1991 Harlow District Council election
| 2 May 1991 |

15 of the 42 seats to Harlow District Council 22 seats needed for a majority
|  | First party | Second party | Third party |
| Party | Labour | Conservative | Liberal Democrats |
| Last election | 35 | 4 | 3 |
| Seats won | 10 | 4 | 1 |
| Seats after | 33 | 6 | 3 |
| Seat change | −2 | +2 | Steady |
| Popular vote | 11,976 | 8,231 | 3,711 |
| Percentage | 50.1% | 34.4% | 15.5% |
- Map showing the results of contested wards in the 1991 Harlow District Council elections.
| Council control before election Labour | Council control after election Labour |

= 1991 Harlow District Council election =

English local election

The 1991 Harlow District Council election took place on 2 May 1991 to elect members of Harlow District Council in Essex, England.
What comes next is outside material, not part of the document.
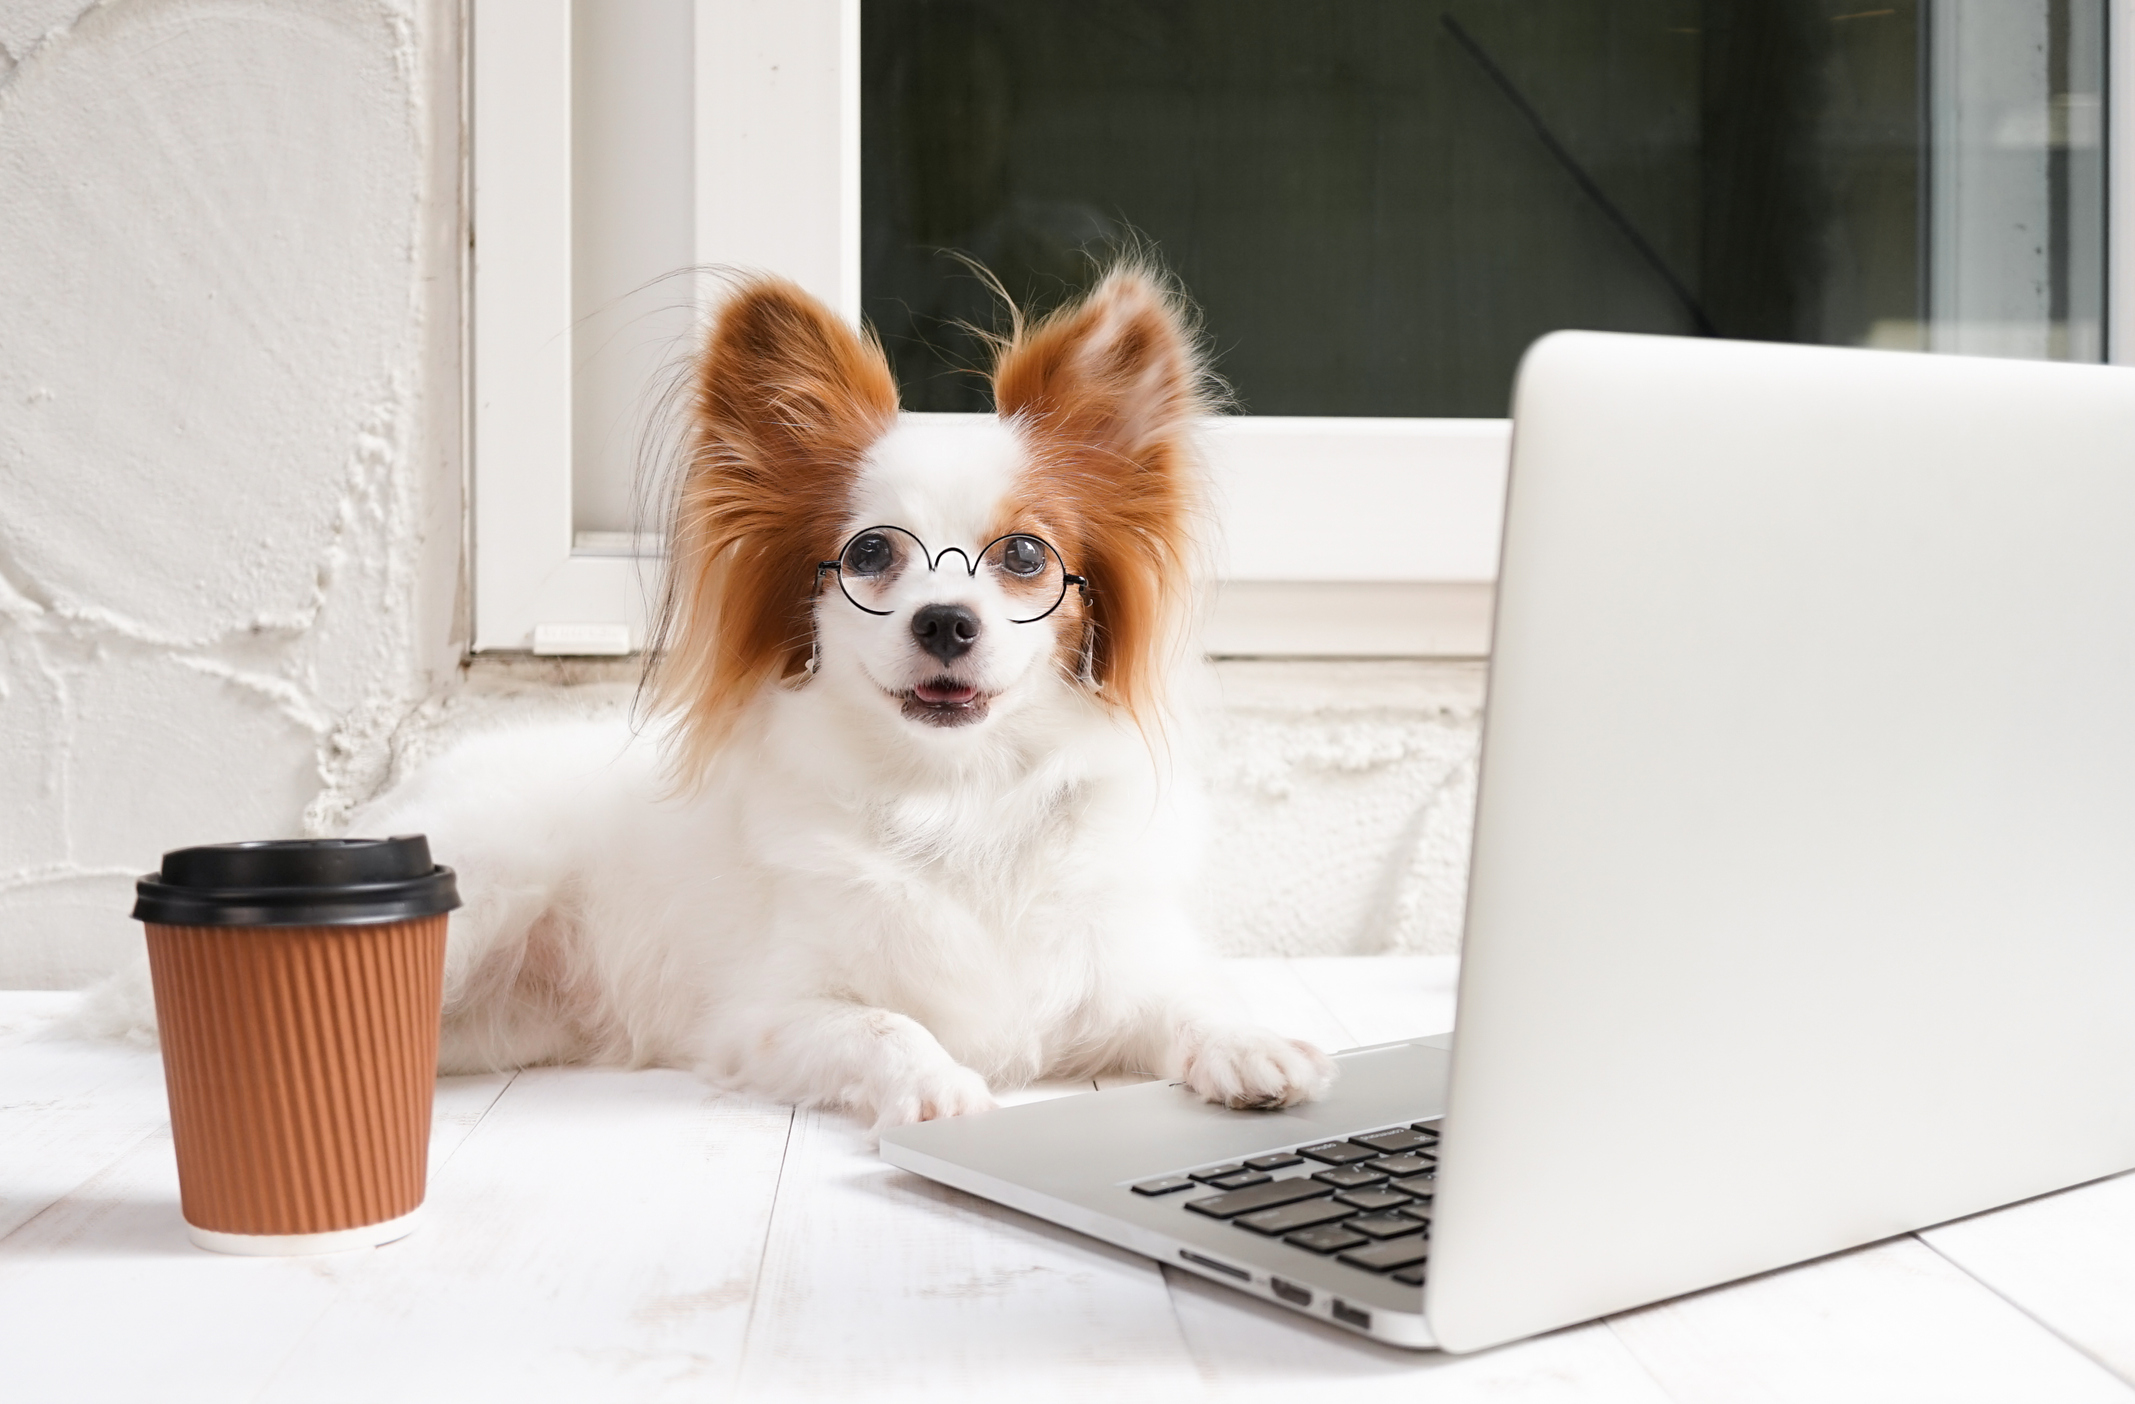 Papillon dog wearing glasses poses with a laptop and a cup of coffee for Social Petworking Month

This was on the same day as other local elections. The Labour Party retained control of the council, which it had held continuously since the council's creation in 1973.

==Election result==

All comparisons in vote share are to the corresponding 1987 election.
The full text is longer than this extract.